Hardware configuration for performance (2 x SAS HBAs, 2 x SAS JBODS)

Status
Not open for further replies.

elliotpea

Cadet
Joined
Jul 28, 2017
Messages
7
Hi,

We're going to repurpose our current production SAN (running Nexenta) into a FreeNas server used for backup storage (disk images via scp, rsyncs of millions of files). We have this hardware available:

2 x Xeon Dual CPU servers, 96GB memory, dual 10GB NIC in each.
2 x STEC ZEUS 8GB SSDs for ZIL
2 x OCZ Talos 460GB for L2 ARC
2 x LSI 9200-8e SAS HBA
2 x DataON 1600D SAS 24 Bay JBODs with dual SIMs (controllers?) (manual: https://goo.gl/ycEjtA)

Right now we're in an active/passive setup using Nexenta, we will be using just one server for FreeNas, so i'll put as much memory from the other server into the one unit. Redundancy isn't a worry, be it server failure, HBA failure or JBOD failure, i'm not too concerned.

We will have 24 x 4TB SAS disks, in mirrored vdev pairs.

My question is regarding performance of SAS bandwidth. Specifically:

  • Is it best to put the ZIL and L2 ARC in the server rather than the JBOD to use internal HBA bandwidth, or perhaps on their own dedicated HBA / PCIe Slot?
  • Should i look at using 2 x JBODS and splitting mirrored vdevs between them to increase bandwidth? or;
  • Can i use multiple SAS HBAs connecting to the single JBOD to increase overall SAS bandwidth?
  • What is the SAS bandwidth between the HBA and the JBODs, is it 6gbps per port? Or more?

Thanks,

Elliot
 

Chris Moore

Hall of Famer
Joined
May 2, 2015
Messages
10,080
My question is regarding performance of SAS bandwidth. Specifically:

  • Is it best to put the ZIL and L2 ARC in the server rather than the JBOD to use internal HBA bandwidth, or perhaps on their own dedicated HBA / PCIe Slot?
  • Should i look at using 2 x JBODS and splitting mirrored vdevs between them to increase bandwidth? or;
  • Can i use multiple SAS HBAs connecting to the single JBOD to increase overall SAS bandwidth?
  • What is the SAS bandwidth between the HBA and the JBODs, is it 6gbps per port?

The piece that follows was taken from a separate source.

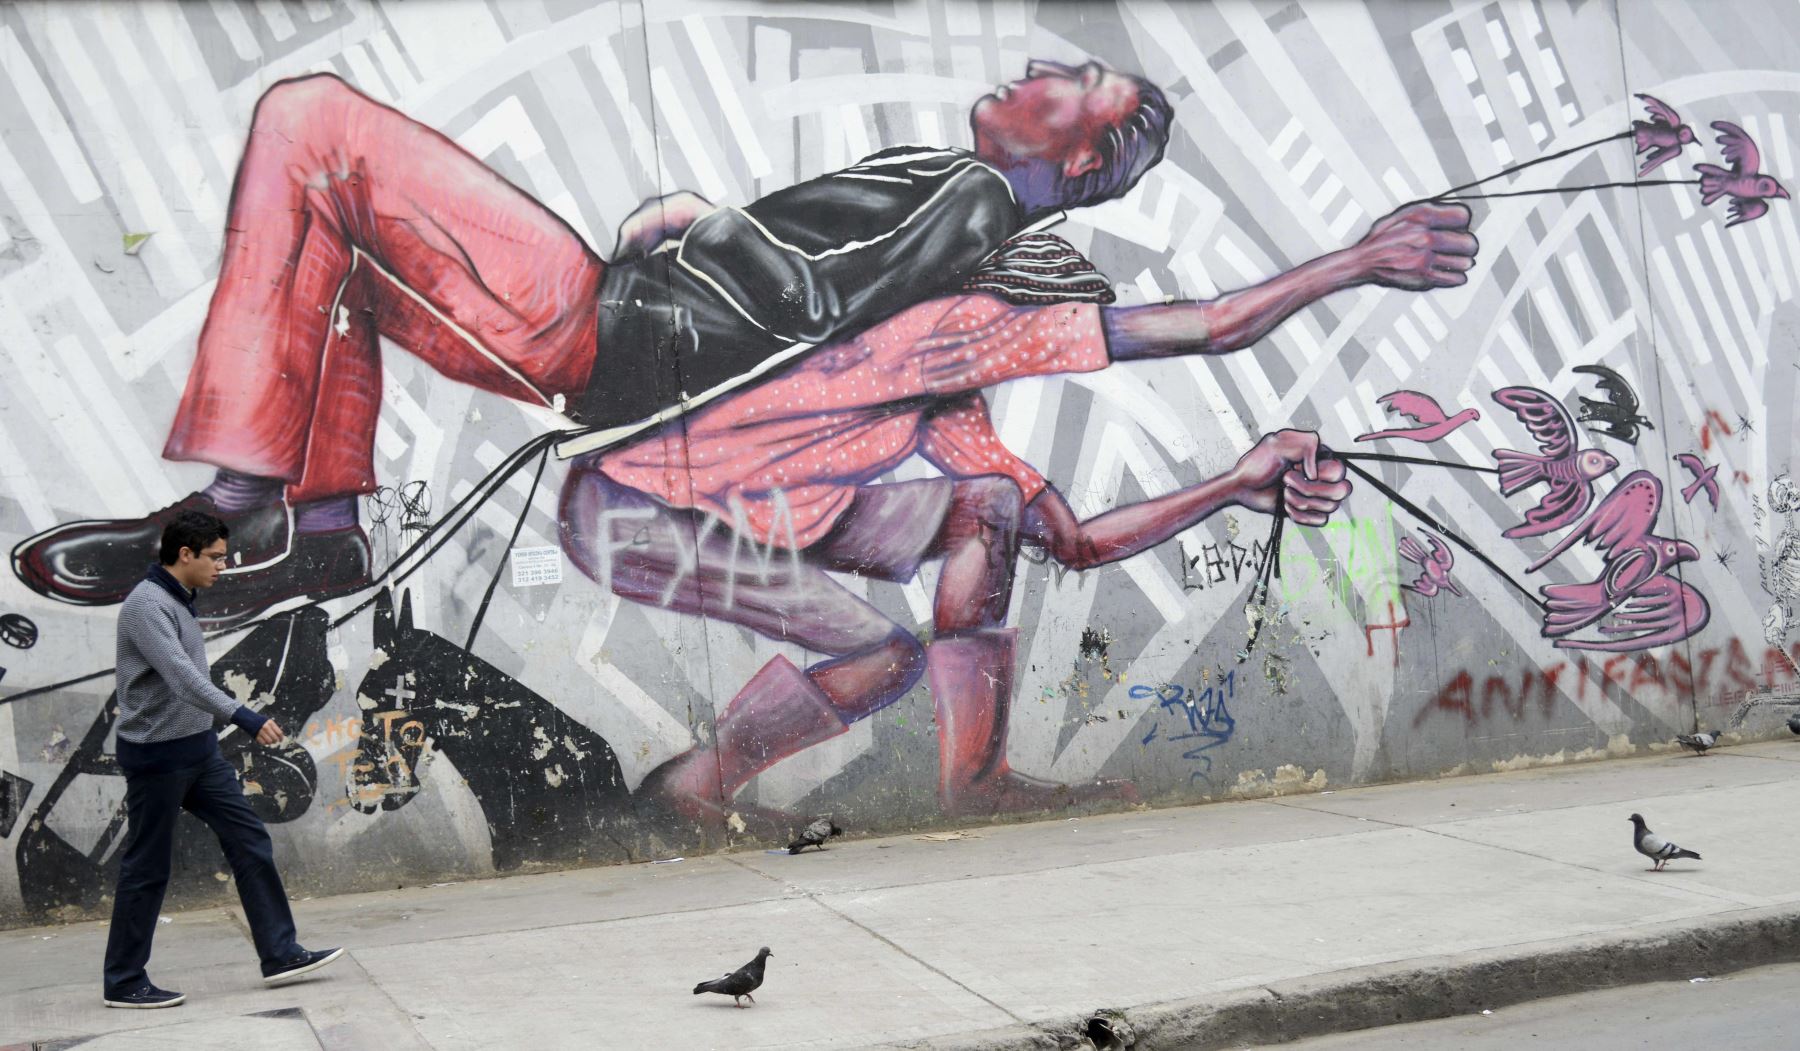 Una vez considerado el vandalismo, el graffiti está ganando más respeto en Colombia, lo que refleja el deseo de paz, mientras que el gobierno y la guerrilla de las FARC negocian fin al conflicto armado de medio siglo en el país. Foto: AFP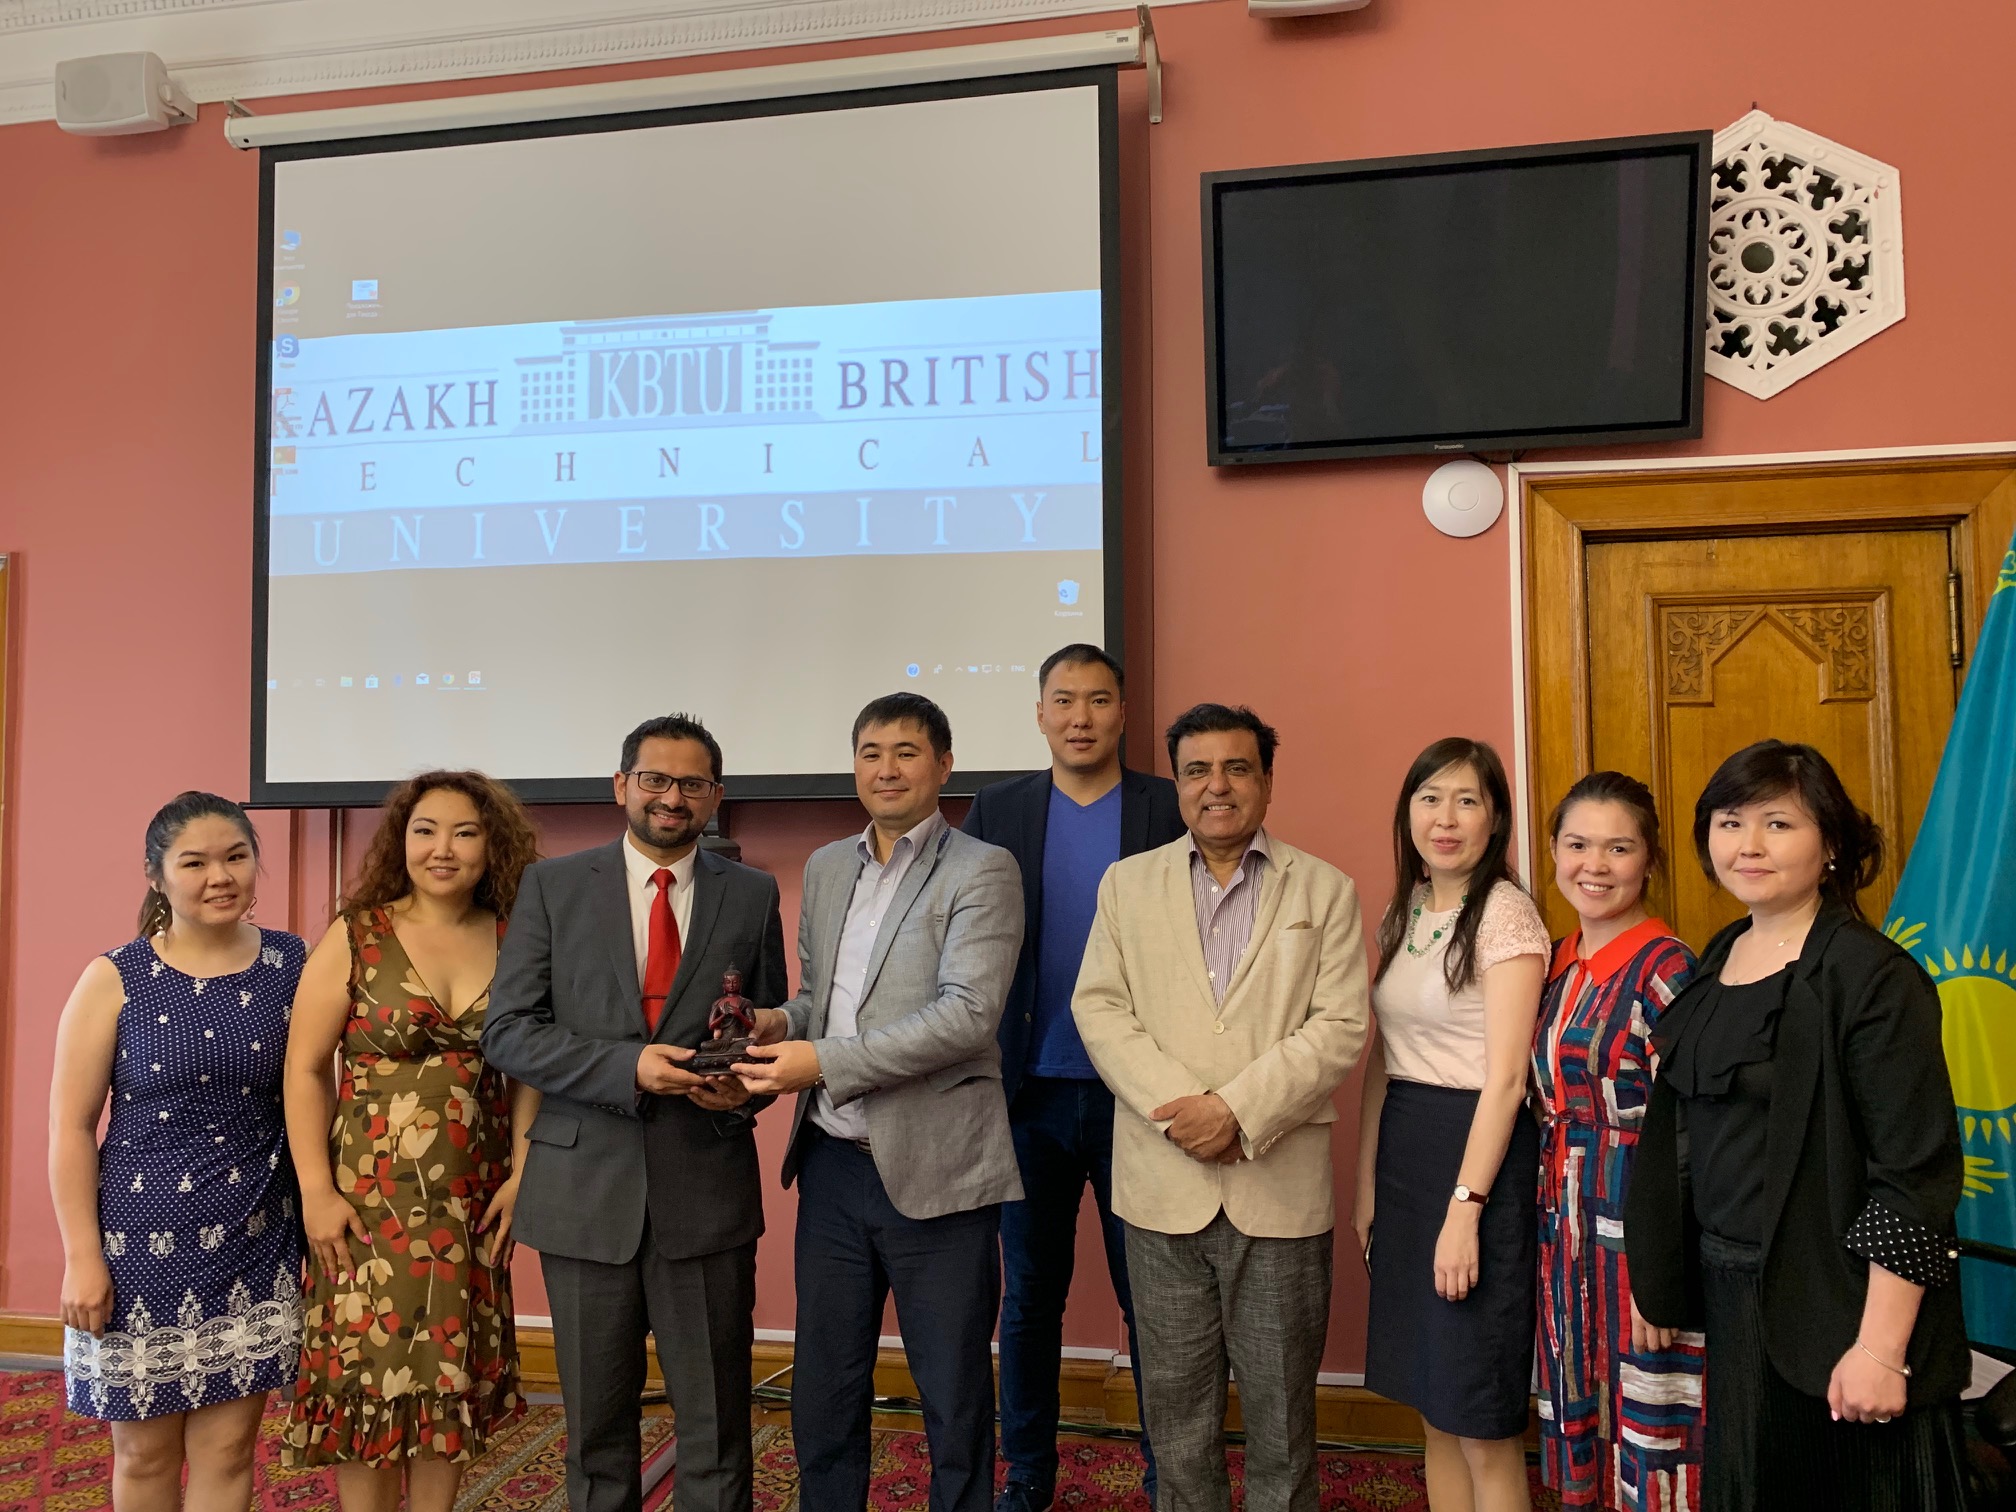 British College, Kathmandu signed MoU with Kazakh British Technical University

Or more?
I would say that some of the answers you seek would depend on the exact configuration of hardware you end up with, which is not yet defined.
You listed the 24bay JBOD chassis, but it would be helpful to know what kind of chassis the server board is in and what the board is / what capabilities it has. Theoretically, the ZIL and L2ARC would be best implemented internal to the server, but I can't really say if that is even a possibility without knowing more about that server. In that light though, ZIL and L2ARC would be most useful if you are doing iSCSI or running virtual machines. If you are going to set this up as a samba share it won't help much, if at all. How do you plan to use the system?
You could cascade from one JBOD to the next to connect all the drives but it might limit you depending on SAS version of the chassis or drives. If that unknown server has slots for it, I would connect both of those LSI 9200-8e cards and connect a JBOD to each so you have 48 drives of online storage instead of 24. With that in mind, I would set them up as 6 or 8 drive RAID-z2 sets instead of mirrors because this is a backup system, you probably don't need all the speed that the mirror sets gives but you might like to have the capacity that is available.
If you used 6 drives per vdev in RAID-z2, your pool could have a capacity of about 112TB.
If you used 8 drives per vdev in RAID-z2, your pool could have a capacity of about 119TB.
Where, if you used mirrors, you would only get 84TB using the whole 48 drives.
The rated SAS/SATA interface speed for that card is 6.0Gb/s per link. It has two external SFF-8088 connectors and each has 4 links (8 x 6Gb/s minus overhead) so the aggregate bandwidth would be a little less than 48Gb/s. It is also interesting to note that it is an 8 lane PCIe 2.0 card with each PCIe link having a maximum speed of 500MB/s (8 * 500 minus over head) which would leave you with an estimate of less than 4000MB/s for the interface to the system board. These two standards are expressed differently in the documentation Gb/s vs MB/s, it can be confusing when one is expressed as bytes and the other is expressed as bits. It works out that the card would be capable of 6000MB/s but the system interface through PCIe 2.0 is only able to handle 4000MB/s (all minus some amount for overhead)... This is why I said to use both SAS controllers, one for each JBOD.
Anyhow, the disks (I don't know what model you have) are likely your bottleneck when it comes to raw speed. How much speed are you looking to get?
Can i use multiple SAS HBAs connecting to the single JBOD to increase overall SAS bandwidth?
I would say this is not even worth thinking about because the disks will be too slow to fully saturate the speed of a single HBA. The disks are always the slow spot which is why we use many of them to share the workload.
The more you can say about how you want to use this, the more helpful we can be.
 
Joined
May 10, 2017
Messages
838
Link to the manual is not working, so I'm going to reply more generically:

Can i use multiple SAS HBAs connecting to the single JBOD to increase overall SAS bandwidth?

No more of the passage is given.